Many Supercomputers across Europe became infected this week with malicious cryptocurrency mining software and stopped working to investigate the intrusions.
Incidents have been reported in the United Kingdom, Germany and Switzerland, and a similar raid is rumored to have taken place at a high-performance computer center in Spain.
Η first report of the attack emerged on Monday from the University of Edinburgh, which operates the ARCHER supercomputer. The University reported a "security exploit in ARCHER connection nodes", and shut it down system ARCHER to further investigate the attack. Changed passwords via SSH to prevent further intrusions.
BwHPC is an organization that coordinates supercomputer research projects in Baden-Württemberg, Germany, and he said also on Monday that five of the high performance computer clusters had to be shut down due to similar “incidents security"
The Hawk supercomputer at the Stuttgart High-Performance Computing Center (HLRS) at the University of Stuttgart
BwUniCluster 2.0 and ForHLR II clusters at the Karlsruhe Institute of Technology (KIT)
The bwForCluster for quantum science research at the University of Ulm
The bwForCluster BinAC bioinformatics supercomputer at the University of Tübingen
Reports continued Wednesday when security investigator Felix von Leitner claimed in a Publication that a supercomputer housed in Barcelona, Spain, was also affected by a similar security issue and had to be shut down.
Περισσότερα περιστατικά εμφανίστηκαν την επόμενη μέρα, την Πέμπτη. Το πρώτο προήλθε από το Leibniz Computing Center (LRZ), ένα ινστιτούτο της Βαυαρικής Ακαδημίας Επιστημών, το οποίο είπε ότι αποσύνδεσε ένα σύblueγμα υπολογιστών από το Διαδίκτυο μετά από μια παραβίαση ασφαλείας.
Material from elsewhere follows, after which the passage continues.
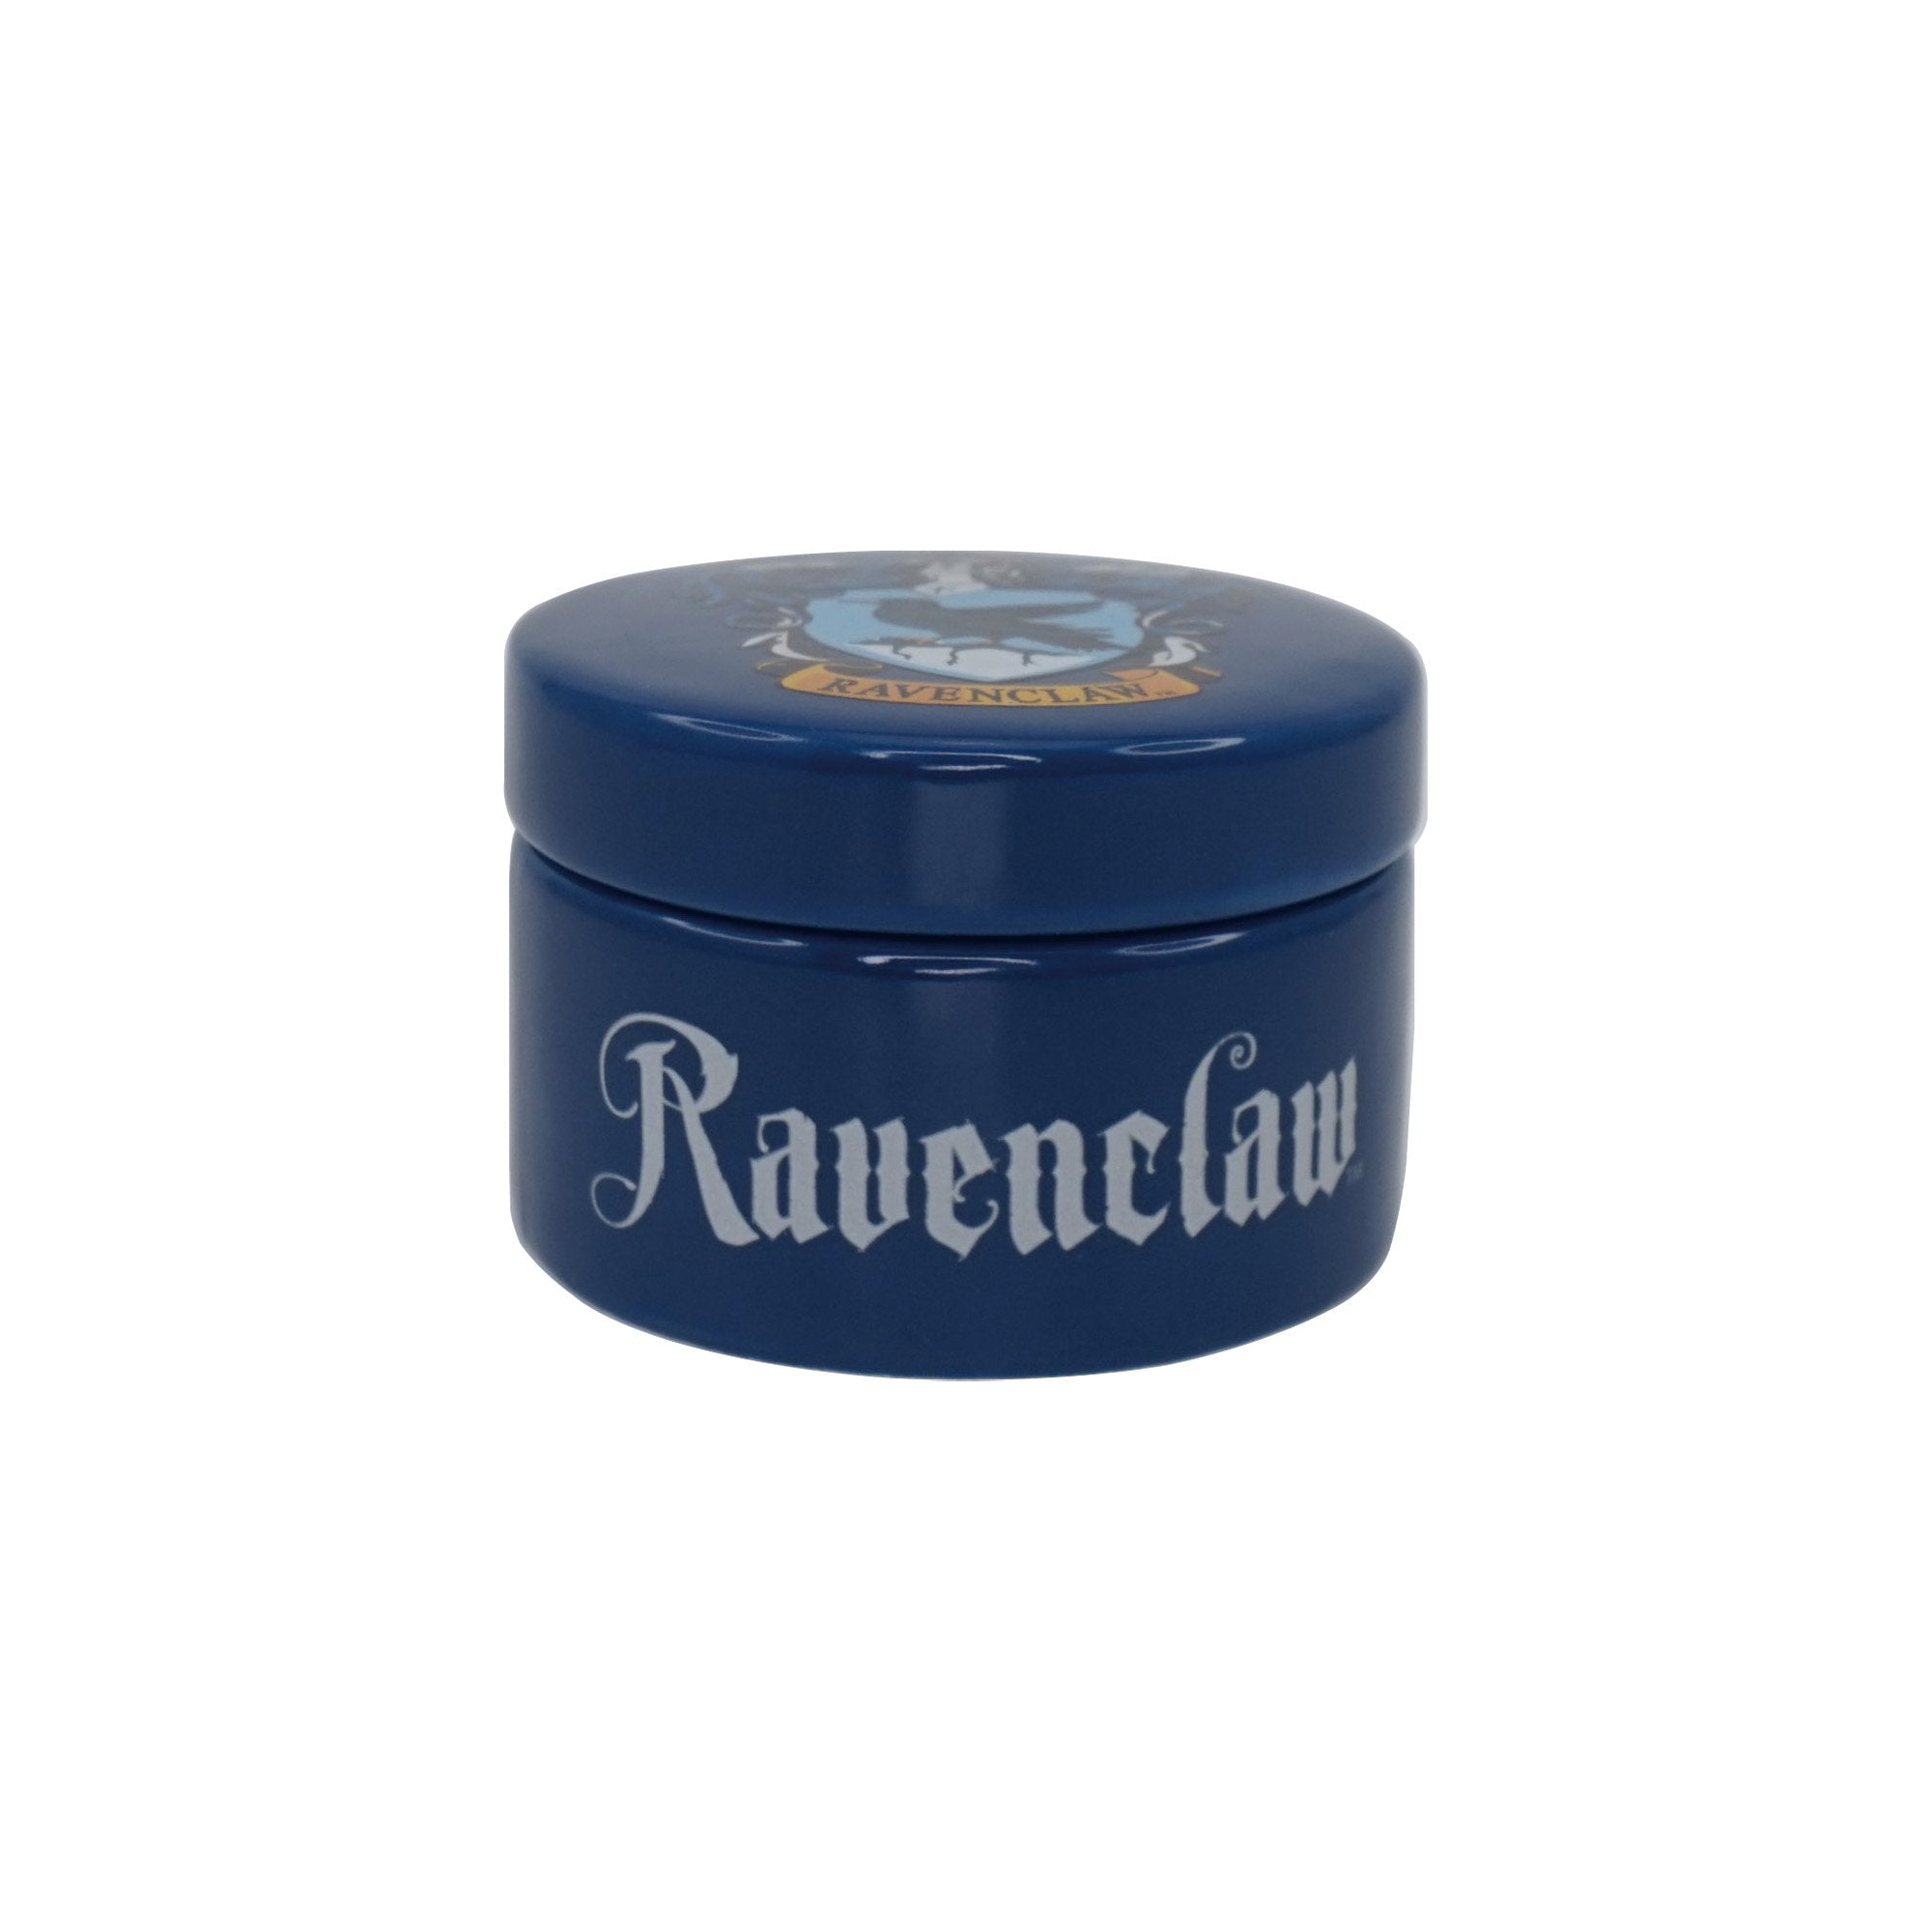 Box Round Ceramic (6cm) - Harry Potter (Ravenclaw)

LRZ's announcement was followed later that day by another research center. The Julich Center in the German city of Julich said the JURECA, JUDAC and JUWELS supercomputers had to be shut down following a "security incident".
New violations appeared and today Saturday. The German scientist Robert Helling he published an analysis of malware infecting a high-performance computer complex at the School of Physics at Ludwig-Maximilians University in Munich, Germany.
The Swiss Center for Scientific Computations (CSCS) in Zurich, Switzerland closed also external access to its supercomputer infrastructure after a "cyber-incident" and "until it restores a secure environment".
None of the above have released details of the hacks. However, earlier today the Computer Security Incident Response Team (CSIRT) for the European Grid Infrastructure (EGI), a pan-European organization that coordinates the research for supercomputers across Europe, has been released samples of malware from some of these incidents.
The malware samples were tested today by Cado Security, a US-based cyber security company. The company said the attackers appeared to have gained access to the supercomputers' clusters through compromised SSH credentials.
Credentials appear to have been stolen by university members who have access to supercomputers. The incoming SSH connections came from universities in Canada, China and Poland.
Chris Doman, co-founder of Cado Security, told ZDNet today that while there is no official evidence to suggest that all of these intrusions were carried out by the same team, the identical names of the malware files suggest that this is very likely. .
According to Doman analysis, once intruders gain access to a supercomputer node, they use an exploit for vulnerability CVE-2019-15666 which helps them gain root access. Then they installed an application for mining Monero (XMR).
It should be noted that many of the supercomputers that have stopped operating have given priority to COVID-19 research, which of course has now stopped as a result of the invasion.